IFilters in SharePoint 2010

IFilter supports an Indexing Service, SharePoint Portal Server, Search Server, SQL Server, Windows Desktop Search and all other products based on Microsoft Search technology to index various file formats so that they become searchable.

The filter extracts a stream of textual information from a document, discarding all non-textual and formatting information. The filter produces strings of text and property/value pairs to pass in turn to the indexing engine as shown below in the architecture diagram.

IFilters-in-SharePoint.gif

In the Central Administration in SharePoint 2010 -> in the Search Administration -> click on the File Types -> you will see a screen as in the following -> listing the File Types that will be indexed by the engine.

File-Types-in-sharepoint.gif

The crawler uses an IFilter to read individual file type when crawling content. Some IFilters read only one file type, whereas others can read several file types.

If you have to crawl a file type that is not supported by an IFilter that is provided with Microsoft SharePoint Server 2010, you must install and register the appropriate IFilter on the crawl server.

The procedures used to install and register IFilters vary among various IFilters which will be given by the solution providers.

If you add a file type without registering an IFilter, only the file properties are included in the index and not the actual content of the item.

Indexing DWG and DXF files

As an example of non Microsoft file formats if you need to index text in the drawing files, you need to install a DWG IFilter plug-in. This plug-in allows Microsoft Search products and services to index DWG files, enabling customers to search and organize their content.

A DWG IFilter extracts text found in Block elements such as TEXT, MTEXT, RTEXT and ArcAlignedText. Attributes are fully indexed. The DWG IFilter also outputs information about Layers and Views. Installation of AutoCAD or any CAD program is not required. After enabling the filter remember to re-feed your content.

Similarly to indexing PDF files, rar files and Lotus Notes documents there are IFilters available from third parties.

Advanced Filter Pack in FAST Search Server 2010 for SharePoint

Advanced Filter Pack is a FAST Search Server 2010 for SharePoint feature that enables text and metadata extraction from several hundred file formats, complementing the document formats that are supported by the Microsoft Filter Pack.

By default, the Advanced Filter Pack is disabled.

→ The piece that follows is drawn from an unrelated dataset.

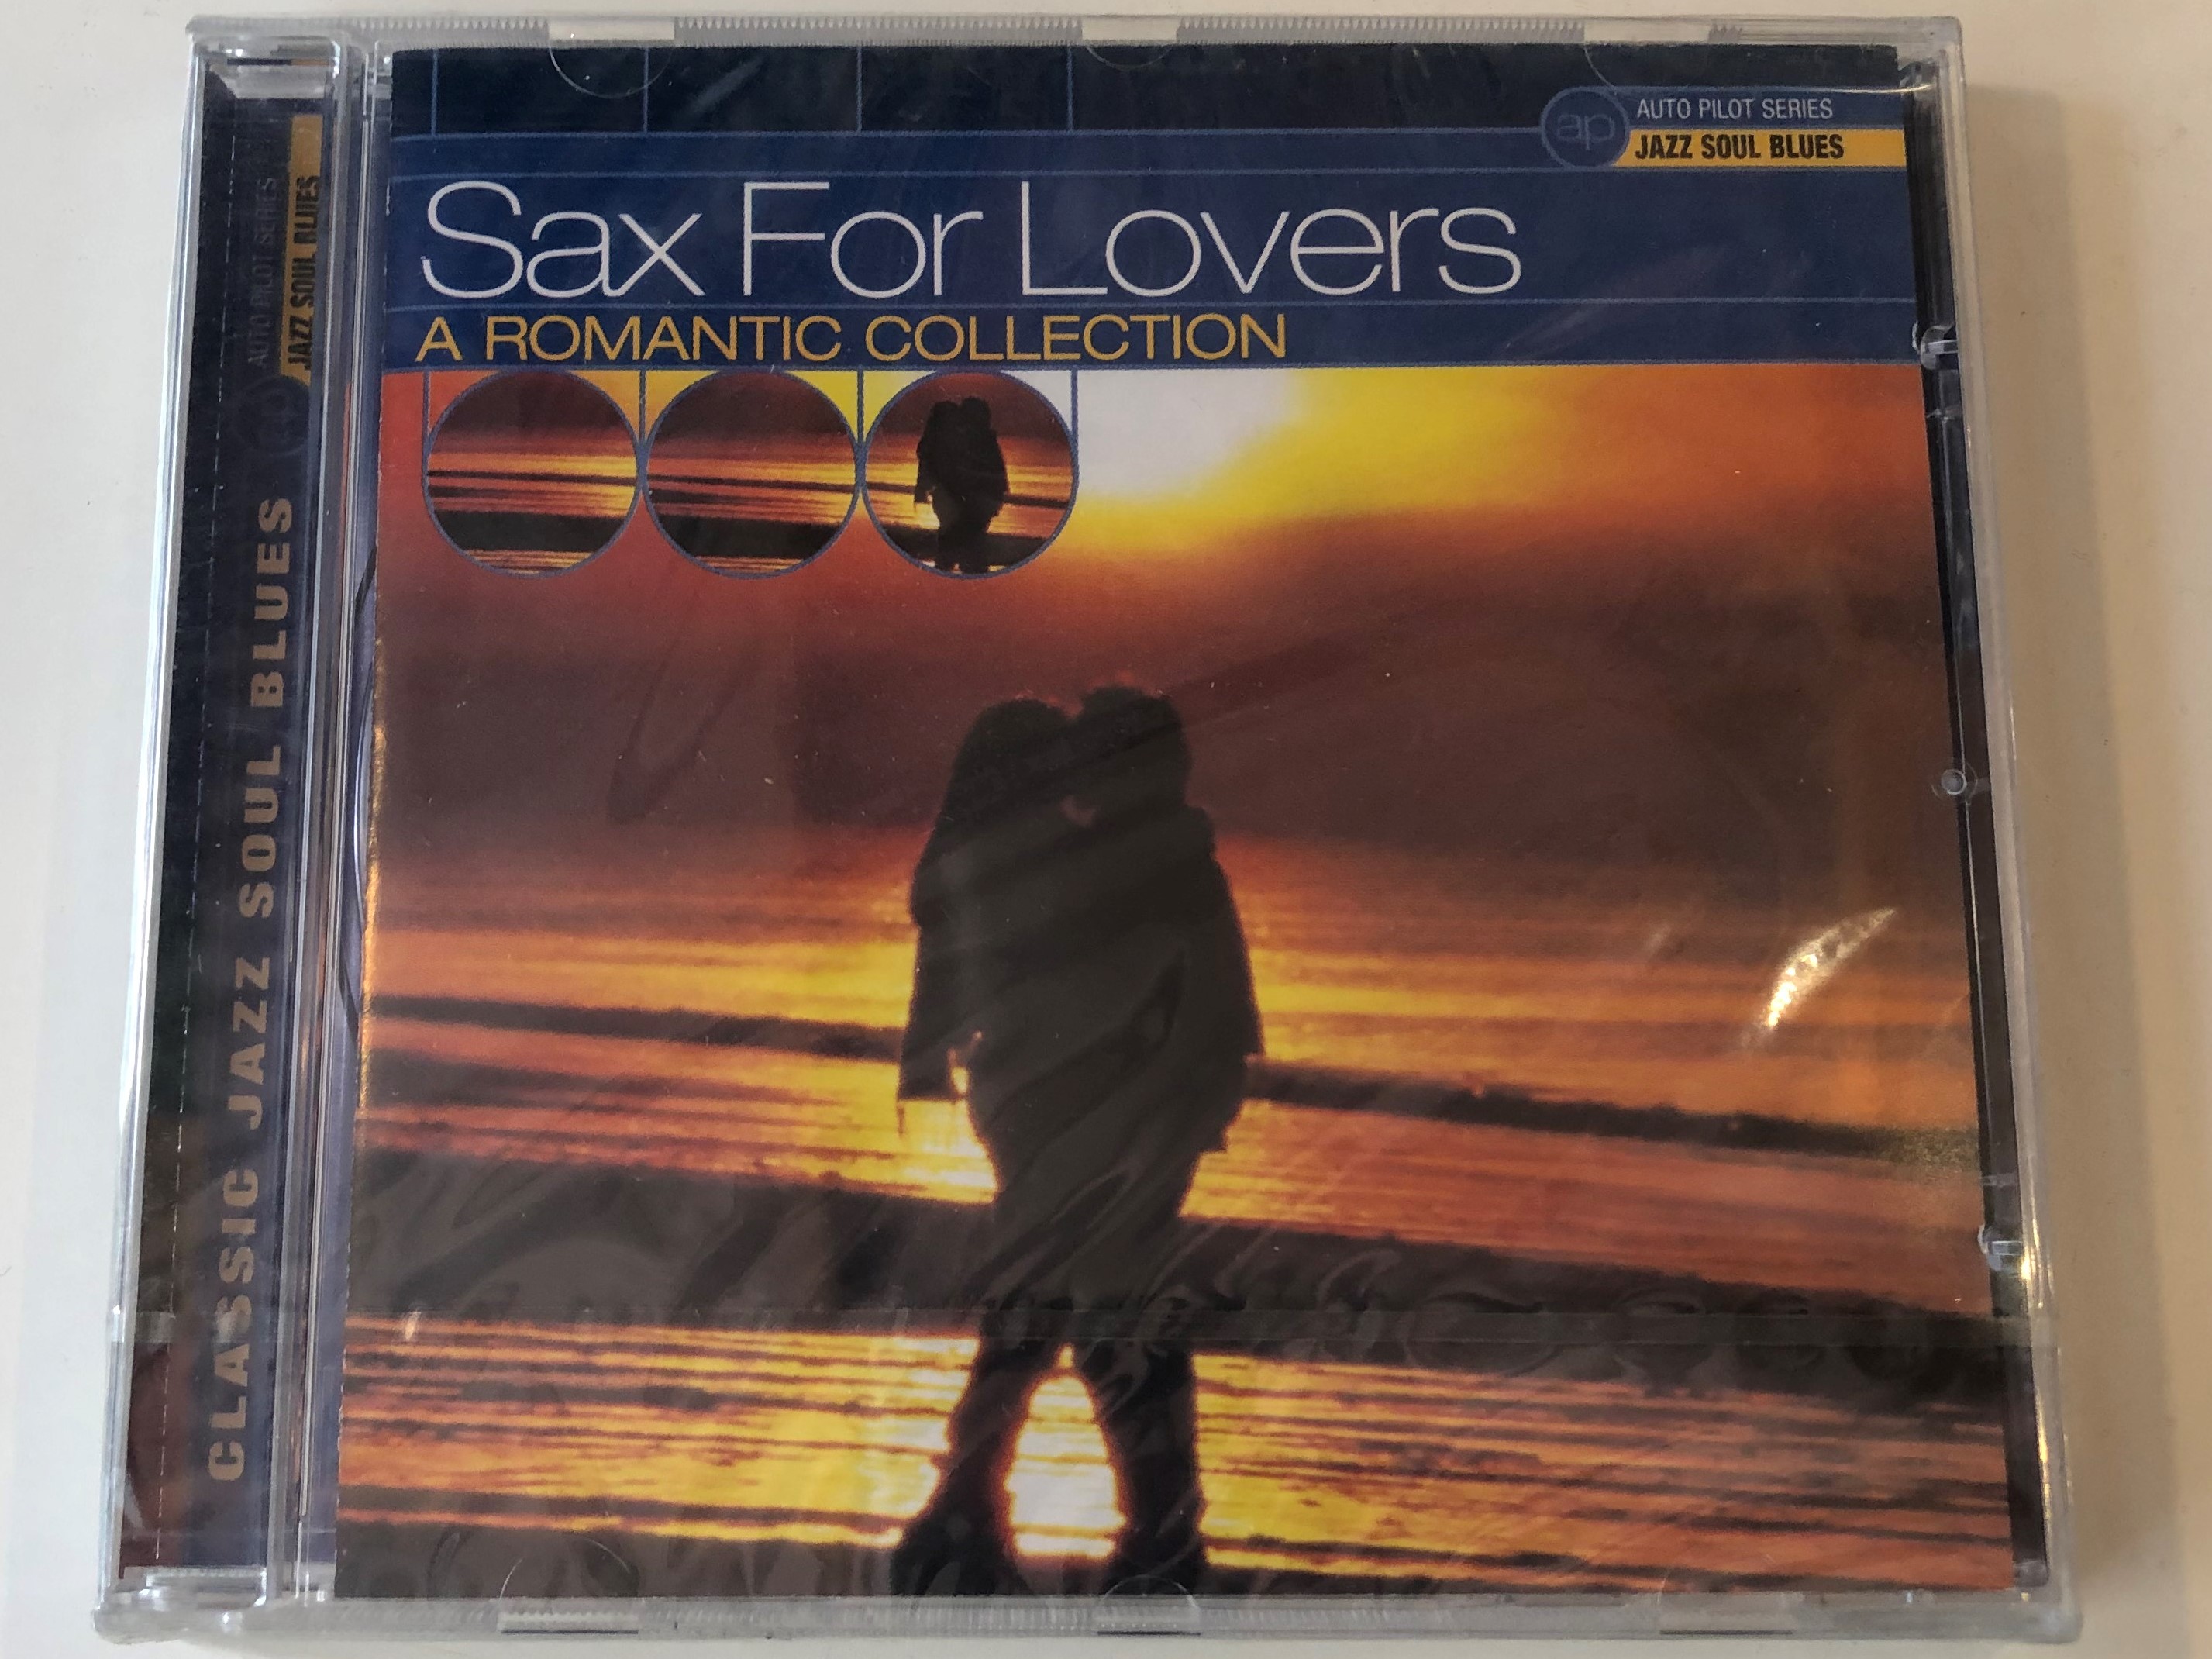 sax-for-lovers-a-romantic-collection-auto-pilot-series.-jazz-soul-blues-pnec-records-audio-cd-1999-5038894000528-1-.jpg

If a file type is not excluded by the File Types list, it will still be crawled, but the actual content and metadata is only extracted if an IFilter is registered for that file type. Consult the Crawl Log after a small test crawl with the file type you want to include, and the messages in the Crawl Log will indicate the next steps.

On the Search Administration page, under Crawling, click Crawl Log. Look for the following messages:

  • Unknown document format, skipping conversion

This message indicates that you have to register and install a third-party IFilter.

  • No filter available. Enable the Advanced Filter Pack for more filters

This message indicates that the content and metadata can be extracted by enabling the Advanced Filter Pack.

  • If none of these messages appear, perform a search and verify that the content is searchable.

SharePoint 2010: Building IFilters for SharePoint 2010 Search and Windows Search

As of Windows 7, you can no longer use managed code to implement an IFilter because for any given process, only one version of the .NET Framework runtime can be loaded at a time. This means that if one IFilter developer uses the 2.0 version of the .NET Framework and another developer uses the 4.0 version, the two IFilters are incompatible.

In Windows 7 and later versions, filters that are written in managed code are explicitly blocked. Filters must be written in native code because there is potential Common Language Runtime (CLR) versioning issues with the process that multiple add-ins run in. Although it might be possible to write an IFilter in Microsoft Visual Basic 6.0, it is likely a very bad option considering the throughput demands that are required to index thousands, or possibly millions, of files (for example, in SharePoint). Therefore, the best option to develop an IFilter is to implement it using C++.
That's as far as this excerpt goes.